Anomaly detection is a dynamic method of operation of antiviruses, host and network intrusion detection systems. When using this method, the software observes certain actions (program/process operation, network traffic parameters, user operation), monitoring possible unusual and suspicious events or trends.
In the context of detecting network anomalies/intrusions and detecting abuse, interesting events are often not rare - they are simply unusual. For example, unexpected activity spikes are usually noticeable, although such a surge in activity can go beyond many traditional methods of detecting statistical anomalies.
Types of anomalies
Before you study detection methods, you need to find out what anomalies you usually have to deal with:
Point anomaly: individual anomalous instances in a large dataset. In other words, when a data point takes a value far beyond all other ranges of data point values in a data set, this can be considered as a point anomaly. This is a rare event.
Collective anomaly: represented by a subset of data points that deviate from normal behavior. In a collective anomaly, individual instances may not be anomalous in themselves, but their collective appearance is anomalous.
Contextual anomaly: an outlier is called contextual when its value does not correspond to what we expect to observe for a similar data point in the same context. Contexts are usually temporary, and the same situation observed at different times cannot be an exception.
Anomaly Detection Method Classes
There are three main classes of anomaly detection methods. Essentially, the correct method for detecting anomalies depends on the available labels in the dataset.
Controlled anomaly detection methods require a dataset with a full set of "normal" and "abnormal" labels to operate the classification algorithm. This type of technique also includes classifier training. This is similar to traditional pattern recognition, except that there is a natural strong imbalance between classes when emissions are detected. Not all statistical classification algorithms are well suited to the unbalanced nature of anomaly detection.
Semi-controlled anomaly оdetection techniques use a conventional marked set of training data to build a model representing normal behavior. They then use this model to detect anomalies, checking how likely it is that the model will generate any encountered instance.

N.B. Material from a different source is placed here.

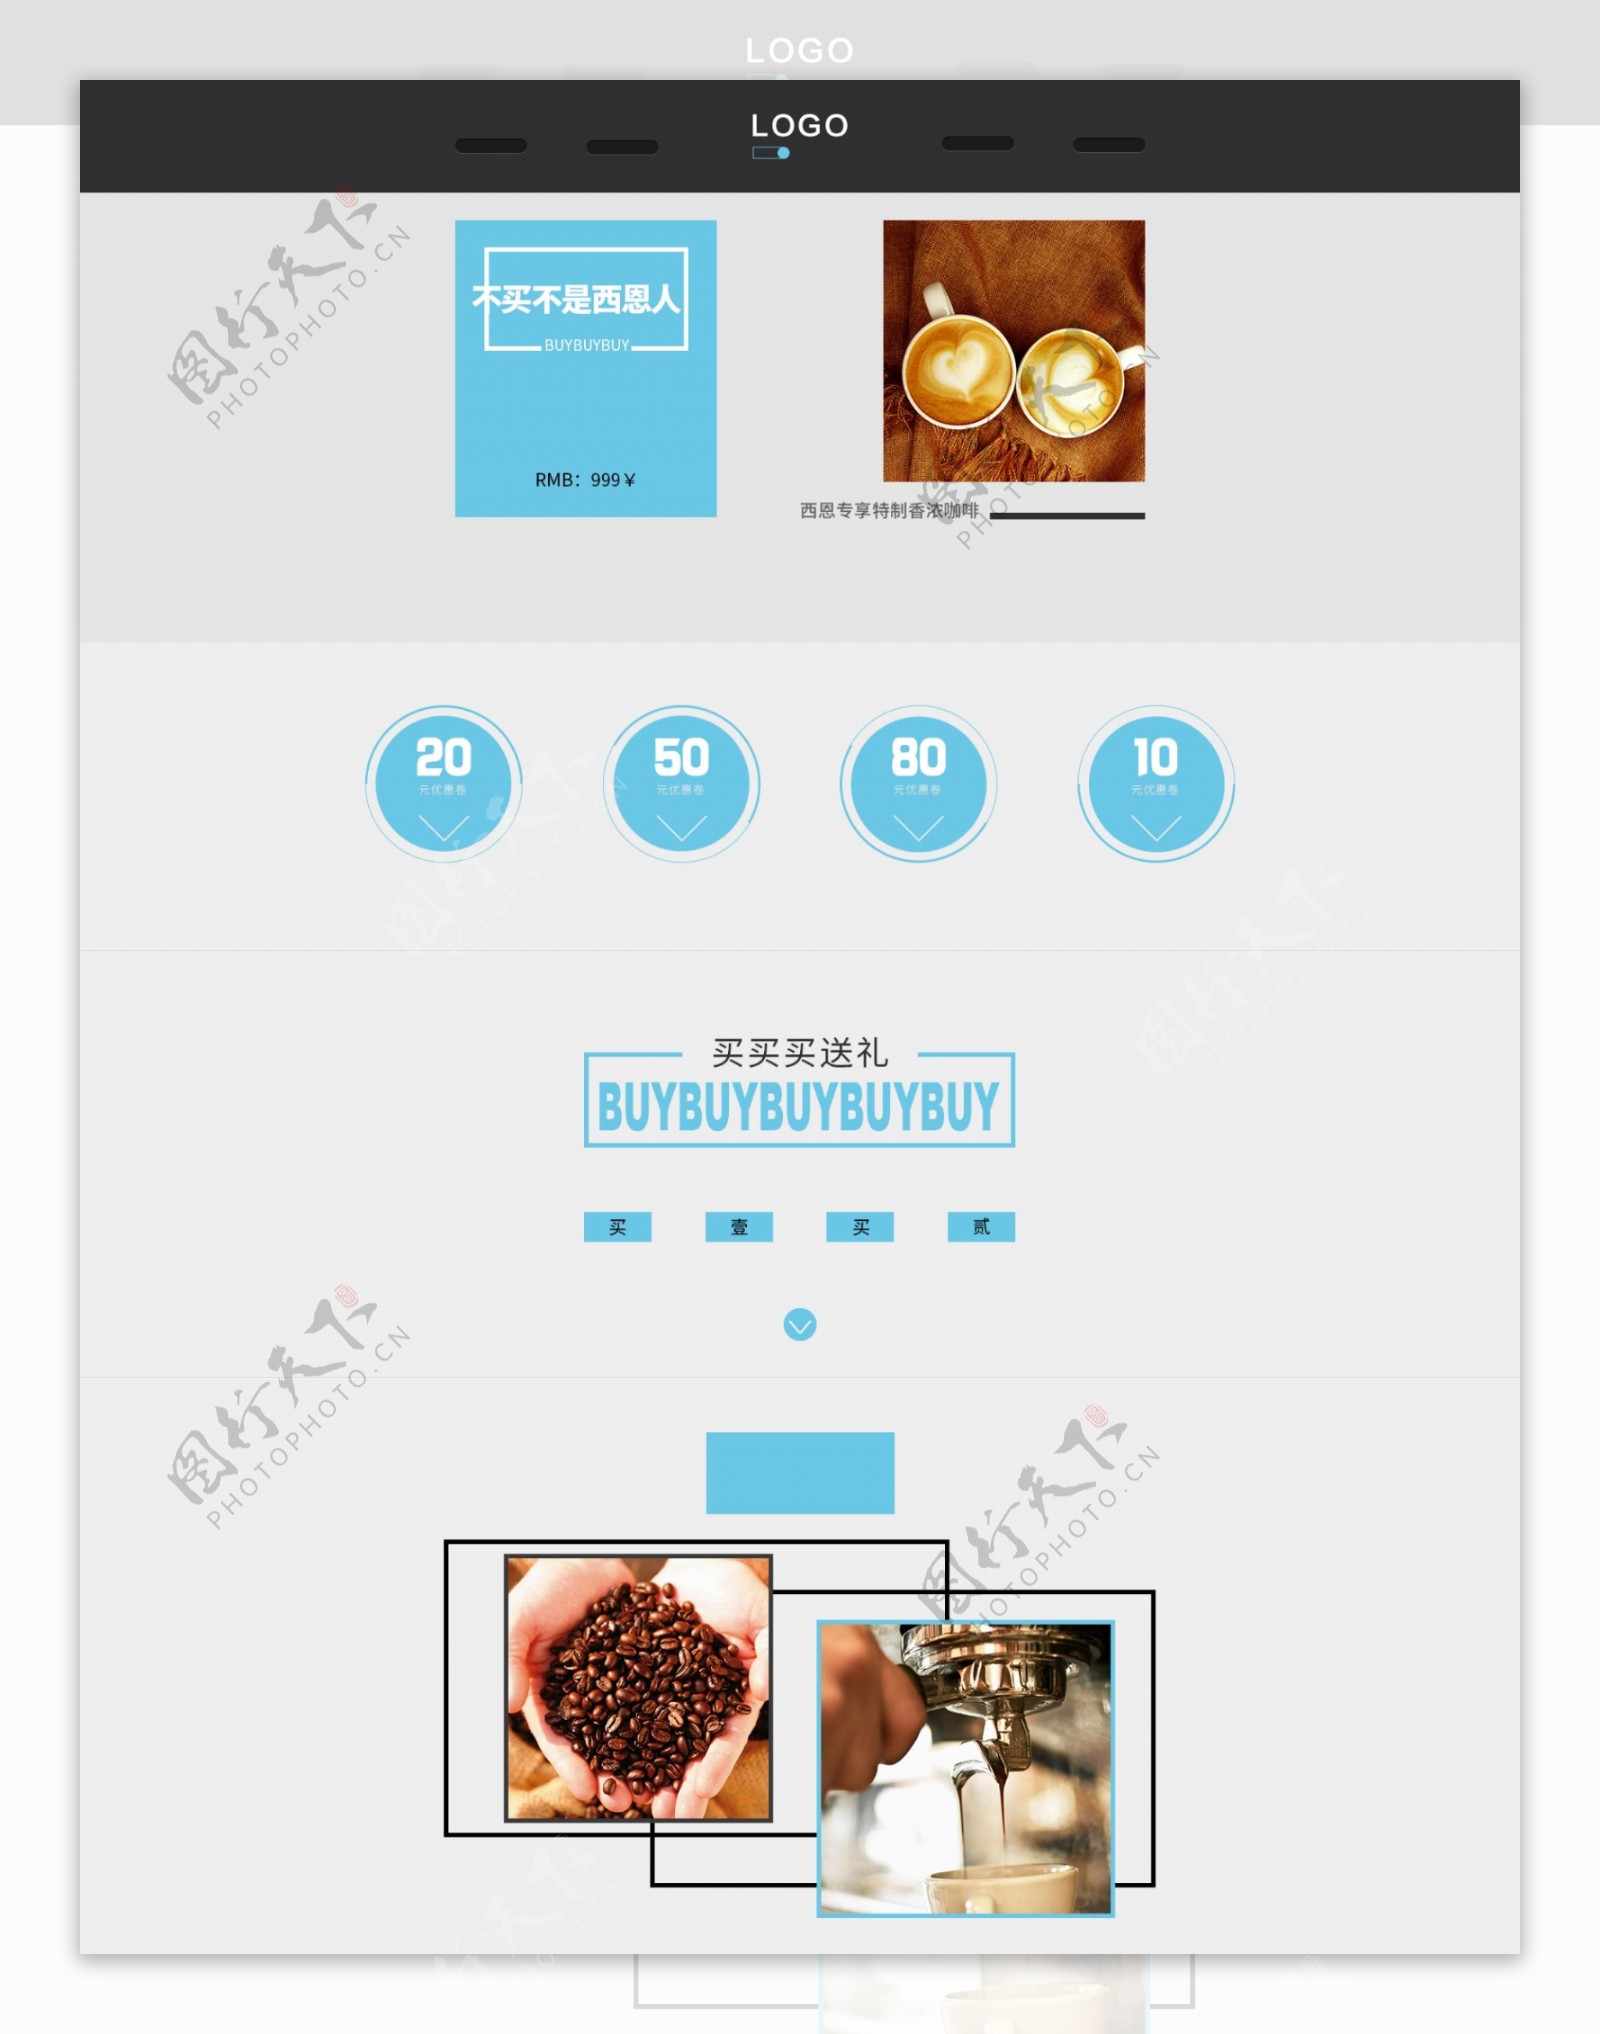 天猫咖啡店首页设计模板PSD下载

Uncontrolled anomaly оdetection techniques detect anomalies in an unmarked test dataset solely based on the intrinsic properties of this data. The working assumption is that, as in most cases, the vast majority of instances in the dataset will be normal. The anomaly detection algorithm will then detect instances that appear to be the least congruent to the rest of the datasets.
Anomaly detection methods
There are various methods for detecting anomalies. Depending on the circumstances, one may be better than others for a particular user or dataset.
Detection of anomalies based on clustering
Detection of anomalies based on clustering remains popular in uncontrolled learning. It is based on the assumption that similar data points tend to group together, as determined by their proximity to local centroids.
The K-means method, a widely used clustering algorithm, creates k similar clusters of data points. Users can then configure systems to mark data instances outside these groups as data anomalies. As an uncontrolled method, clustering does not require data labeling.
Clustering algorithms can be deployed to capture an abnormal data class. The algorithm has already created many clusters of data on the training sample to calculate the threshold of the abnormal event. It can then use this rule to create new clusters supposedly collecting new anomalous data.
However, clustering does not always work for time series data. This is because the data maps evolution over time, but the method creates a fixed set of clusters.
Density-based anomaly detection
Density-based anomaly detection methods require tagged data. This method of anomaly detection is based on the assumption that normal data points tend to occur in dense environments, while anomalies appear infrequently.
There are two types of algorithms for this type of evaluation of data anomalies:
- K-nearest neighbors (k-NN) is a basic non-parametric controlled machine learning method that can be used either for regression or to classify data based on distance measures such as Euclidean distance, Hamming distance, Manhattan or Minkowski distance.
- Local ejection factor (LOF), also called relative data density, is based on reach distance.
Detection of anomalies based on the reference vector machine
A support vector machine (SVM) is commonly used in controlled settings, but SVM extensions can also be used to detect anomalies for some unmarked data. SVM is a neural network that is well suited to classifying linearly separable binary patterns - obviously, the better the separation, the clearer the results.
Such an anomaly detection algorithm can study a softer boundary depending on the purposes of clustering data instances and correctly detecting anomalies. Depending on the situation, such an anomaly detector can output numerical scalar values for various purposes.
Anomaly detection is the identification of data points in data that do not correspond to normal patterns. This can be useful for many tasks, including detecting fraud, intrusions, defects, and the like.